Snigir shrugs, broad shoulders lifting and dropping with the elaborate indifference of a performance. He picks up the menu, looks at it, sets it down. Making himself comfortable. Makinga point of making himself comfortable, which is the move of a man who has been told he has leverage and is testing how much. “He’s a busy man. You understand.”

“I understand that he received my proposal and chose not to respond to it personally. That tells me what I need to know about his intentions.”

“His intentions are flexible,” Snigir says. “Depending on conditions.”

“What conditions?”

He reaches for the bread in the center of the table, tears off a piece. “Fedor feels that the situation between you has certain imbalances. Things that were taken from him that haven’t been accounted for.” He chews, unhurried, enjoying the performance. “He’s a reasonable man. He’s open to a conversation about rebalancing.”

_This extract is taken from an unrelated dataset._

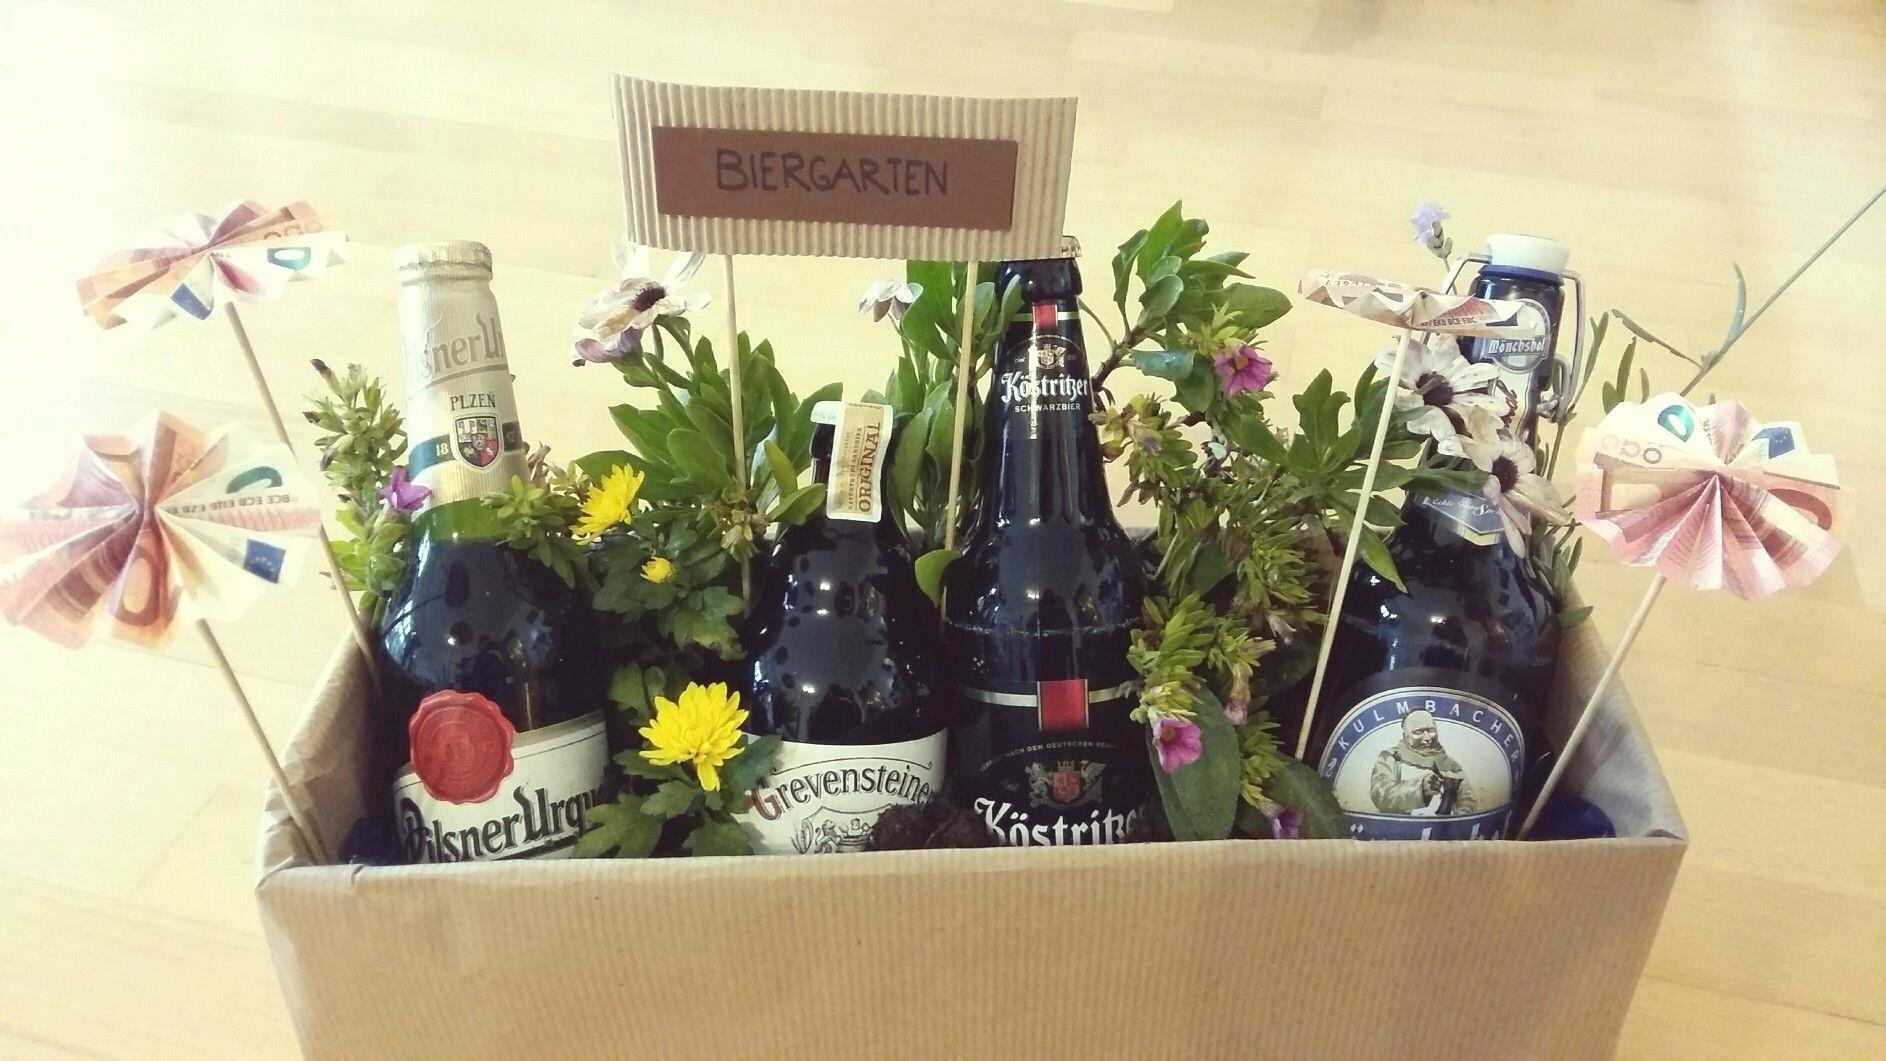 Geburtstagsgeschenk Mann - Biergarten basteln DIY Ideen
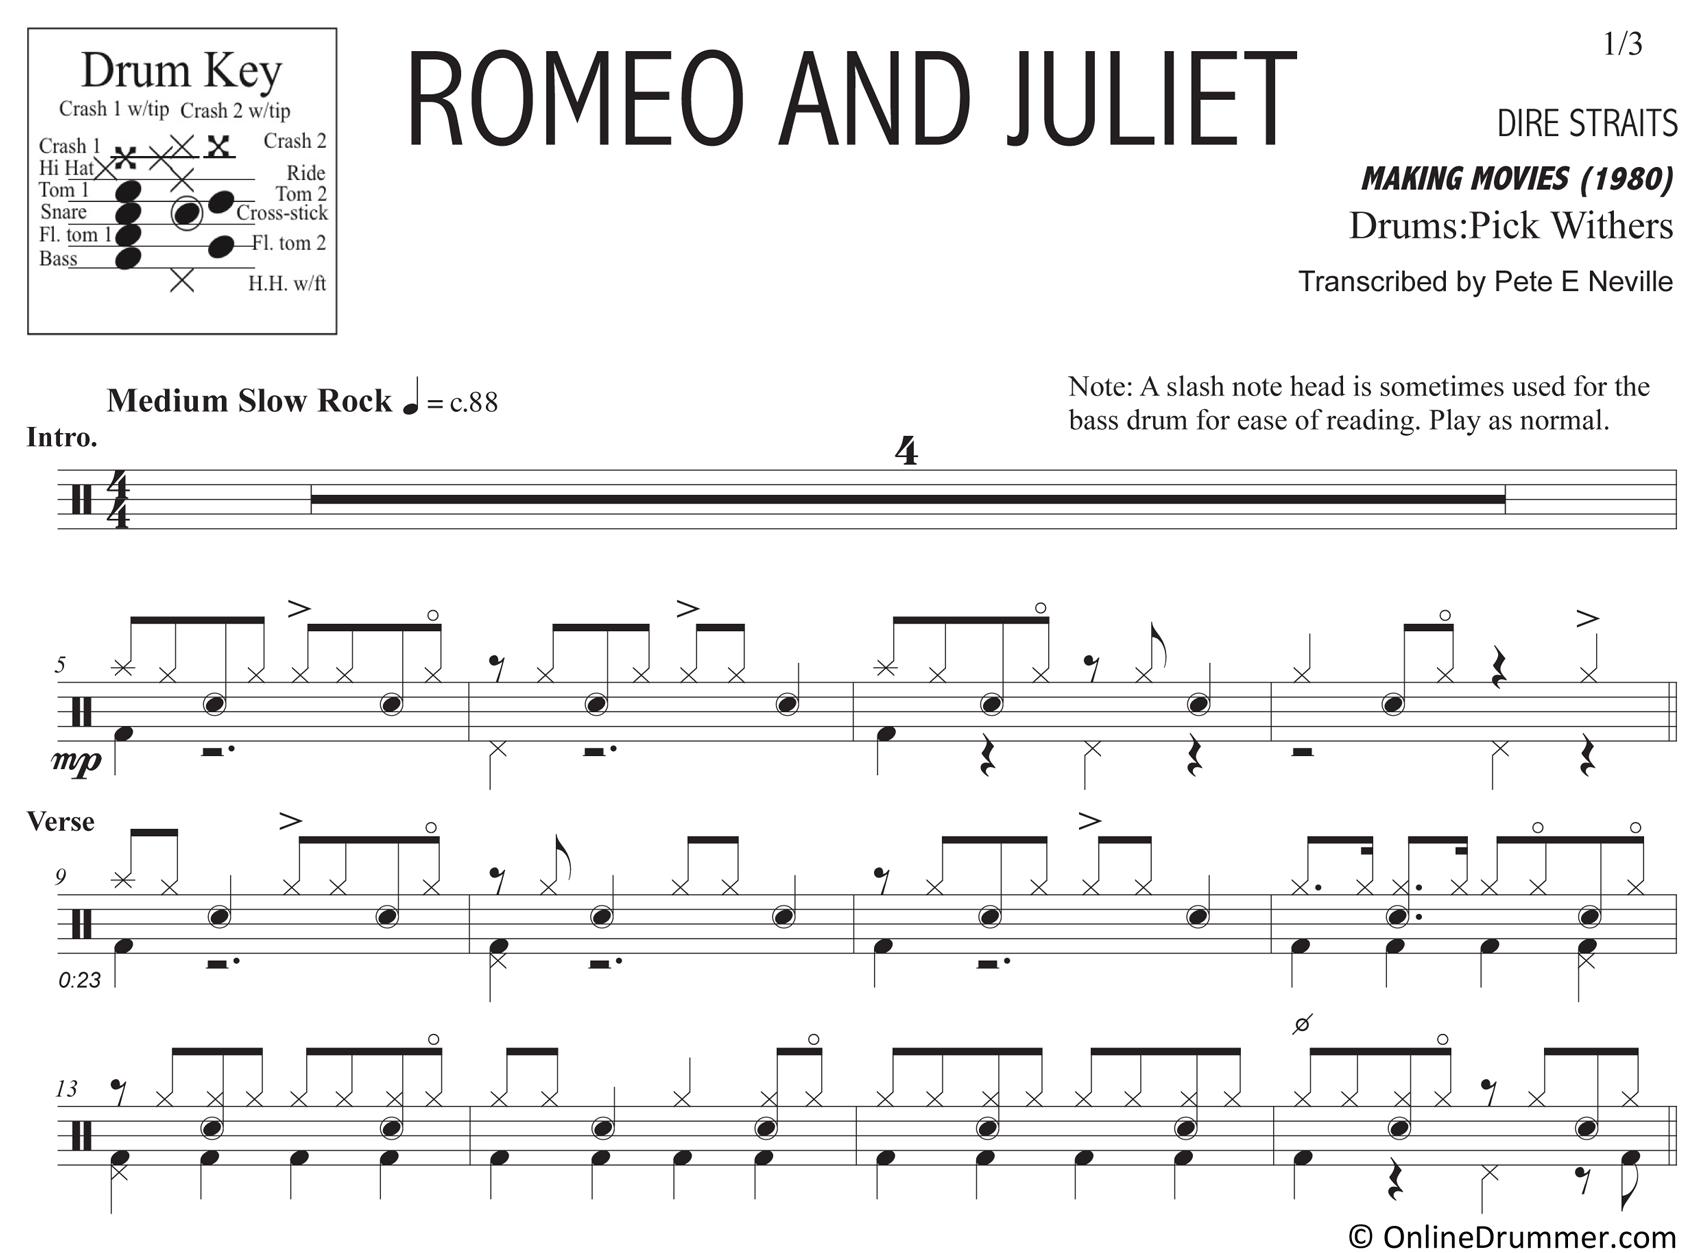 Romeo and Juliet - Dire Straits - Drum Sheet Music

“He’s open to a conversation,” I say, “but not open enough to have it himself.”

Snigir smiles again. It doesn’t improve his face. “He wanted to get a sense of where your head is at first. Understandable, given everything.” He leans back in his chair, comfortable as a man in his own kitchen. “You’ve been distracted lately. People notice these things.”

“People notice a great many things that are not their concern.”